[[ Data provided, beginning ]]

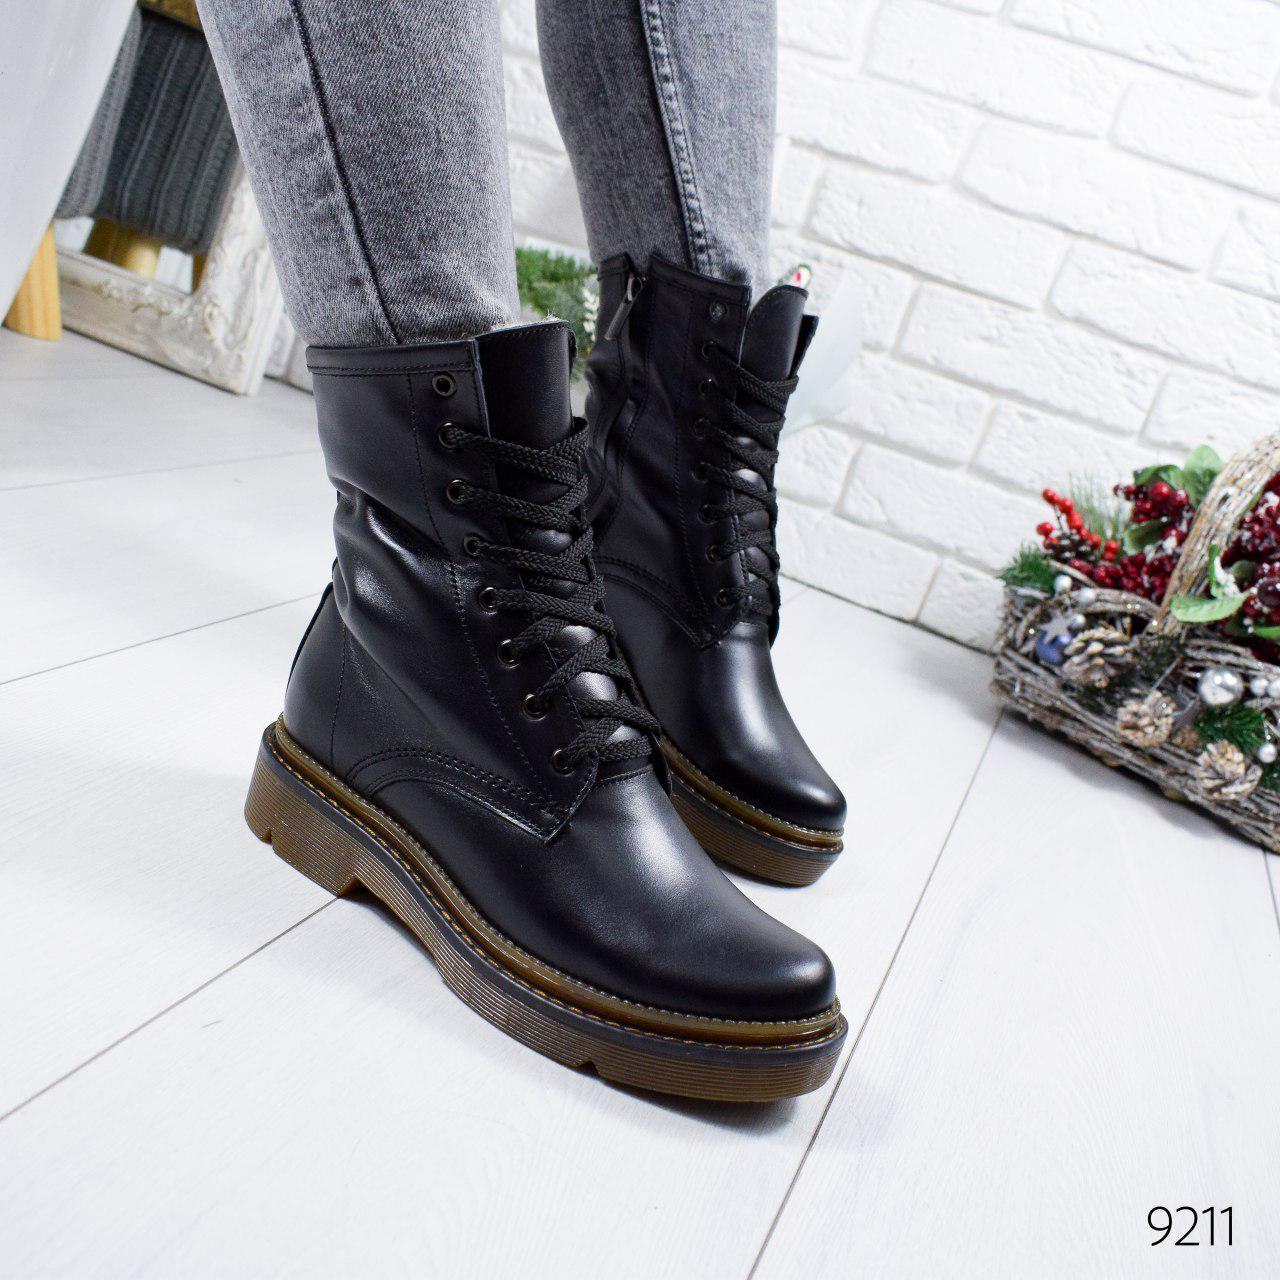 """Ботинки женские зимние, черного цвета из натуральной кожи """"9211"""". Черевики жіночі. Ботинки теплые"""
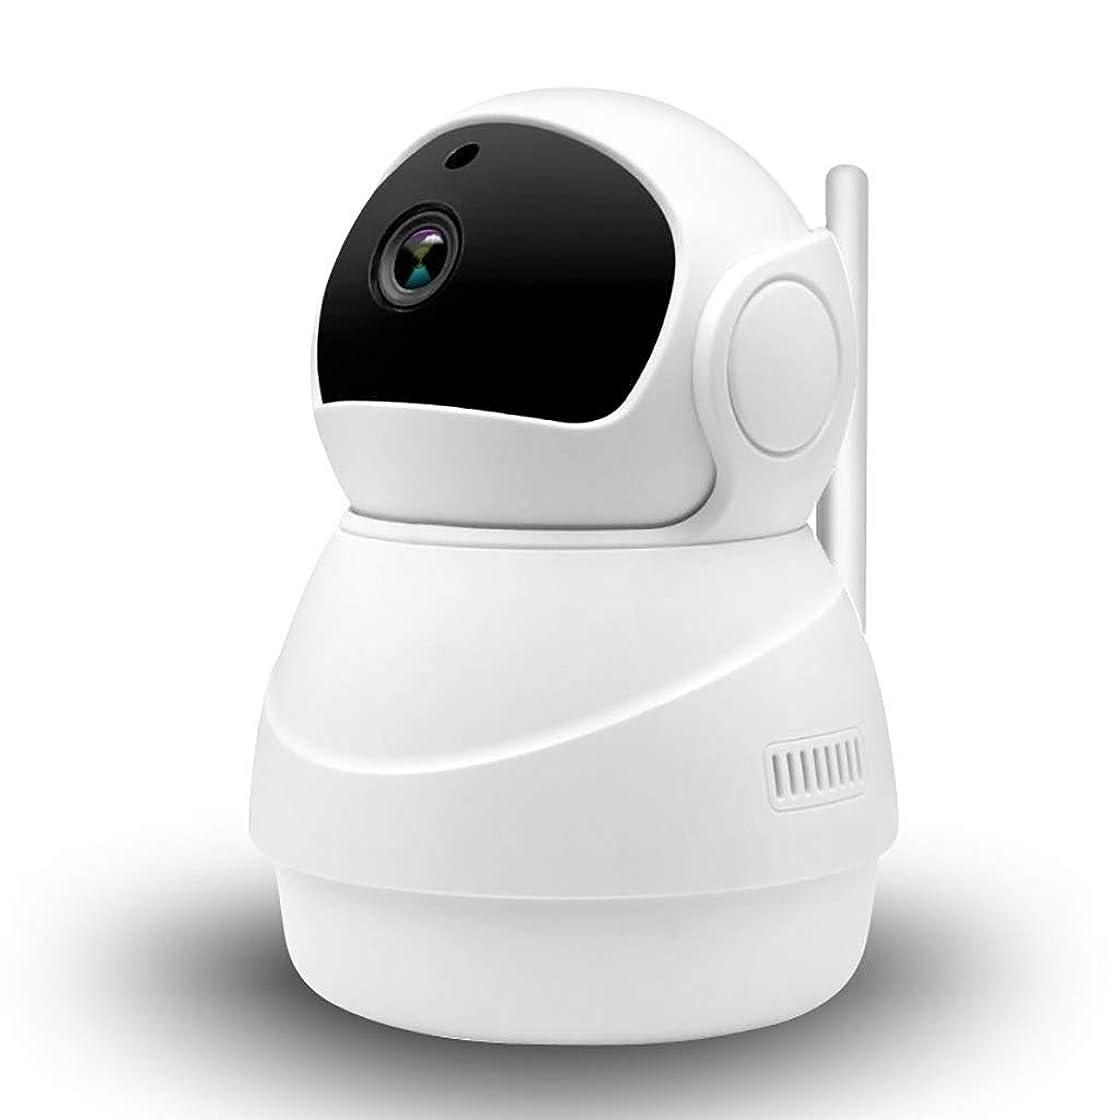 メーカー裕福な鎮痛剤カメラ カメラ付きベビーモニター、PTZ回転、360度モニタリング、双方向会話、1080P HDカメラ カメラ
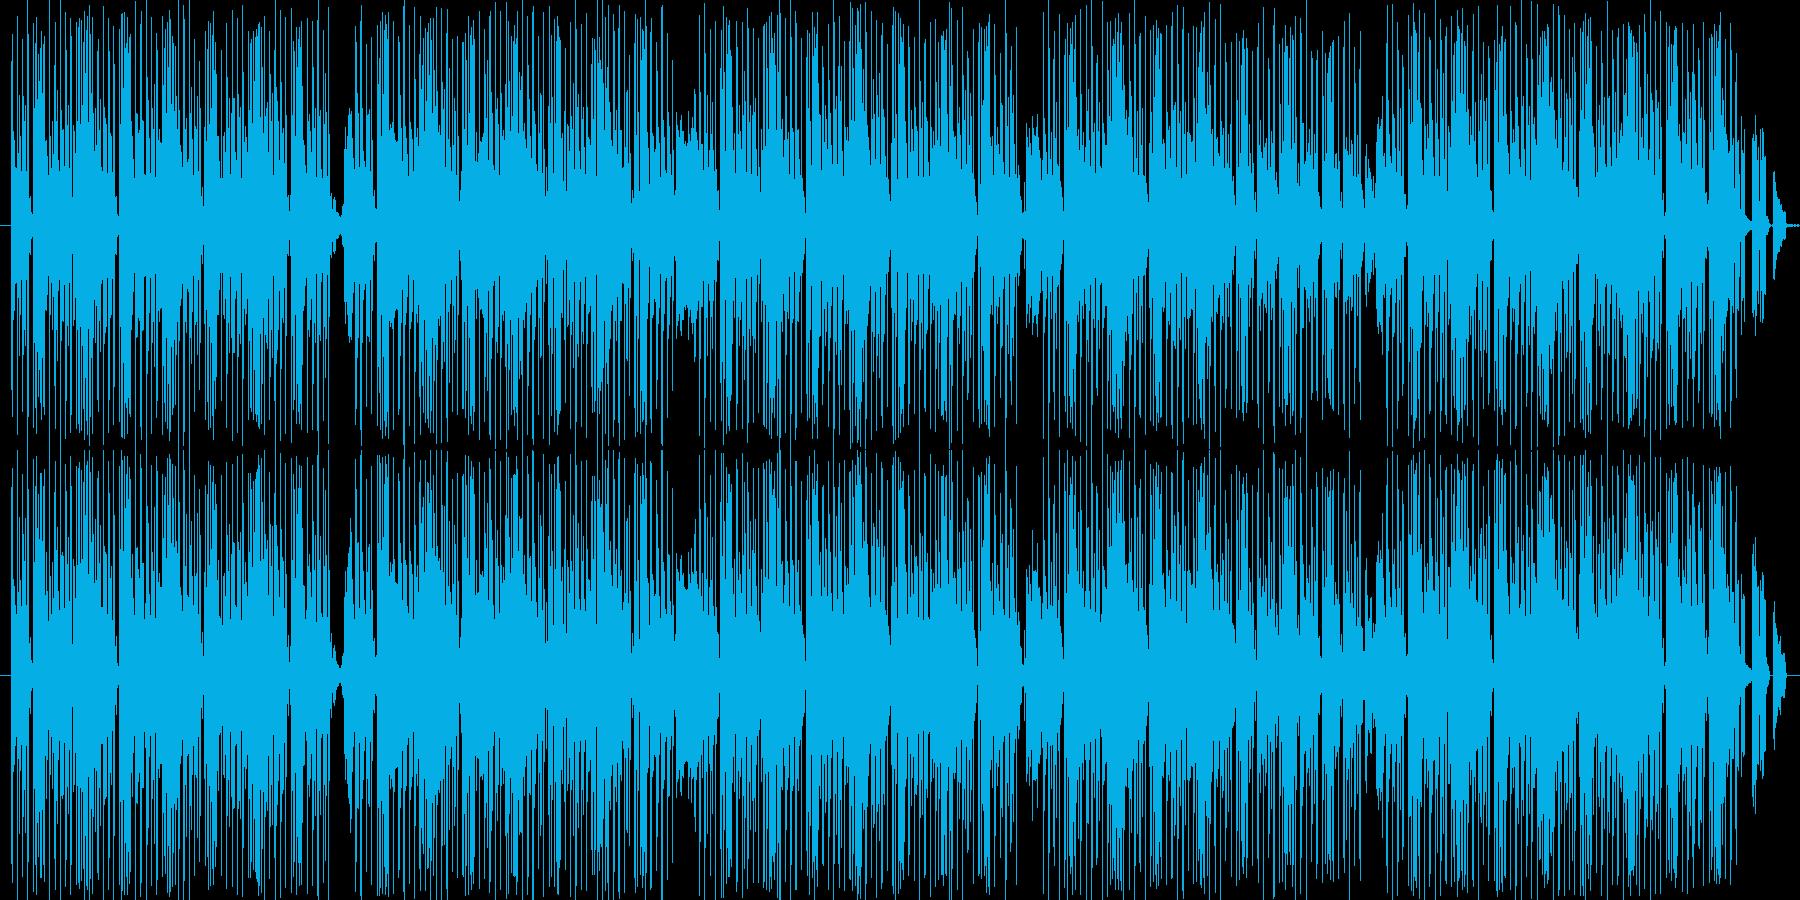 ジャズテイストなR&Bトラックの再生済みの波形
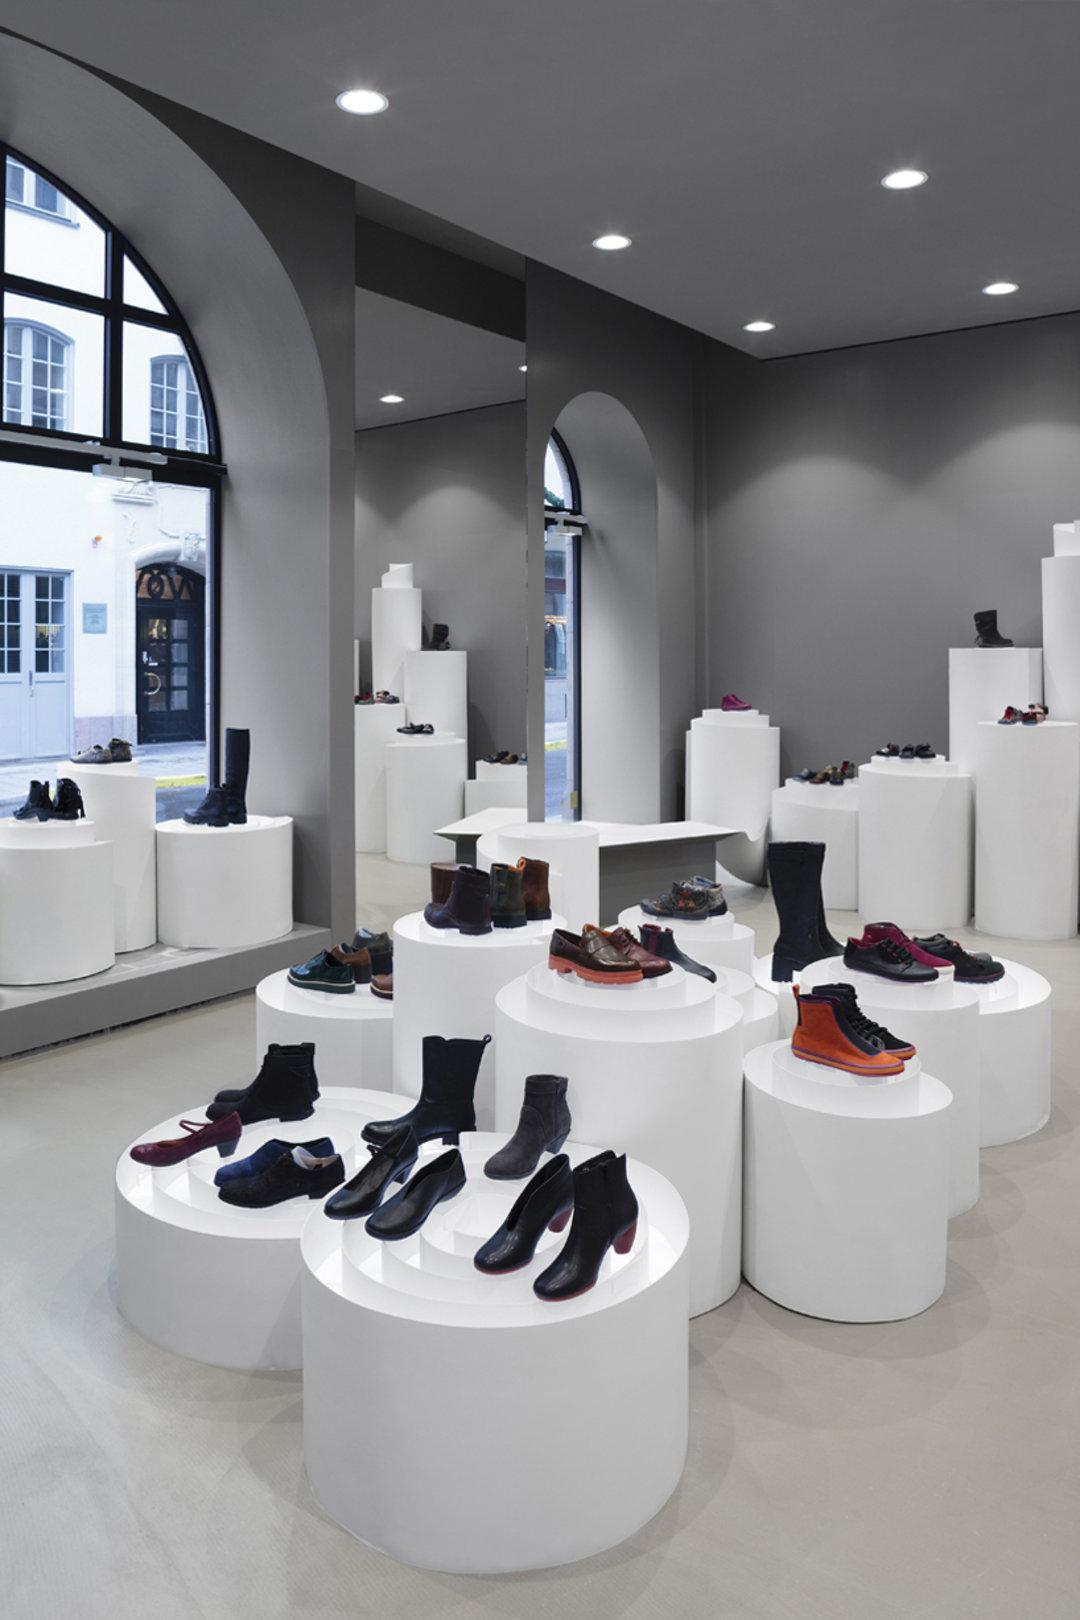 鞋好看的话,装它的鞋店也得一样酷才行|这个设计了不起_设计_好奇心日报

[[ Data provided, end ]]

Retype all of the data above word for word, excluding the pictures.

Answer space:
 """Ботинки женские зимние, черного цвета из натуральной кожи """"9211"""". Черевики жіночі. Ботинки теплые"""
 メーカー裕福な鎮痛剤カメラ カメラ付きベビーモニター、PTZ回転、360度モニタリング、双方向会話、1080P HDカメラ カメラ
 ジャズテイストなR&Bトラックの再生済みの波形
 鞋好看的话,装它的鞋店也得一样酷才行|这个设计了不起_设计_好奇心日报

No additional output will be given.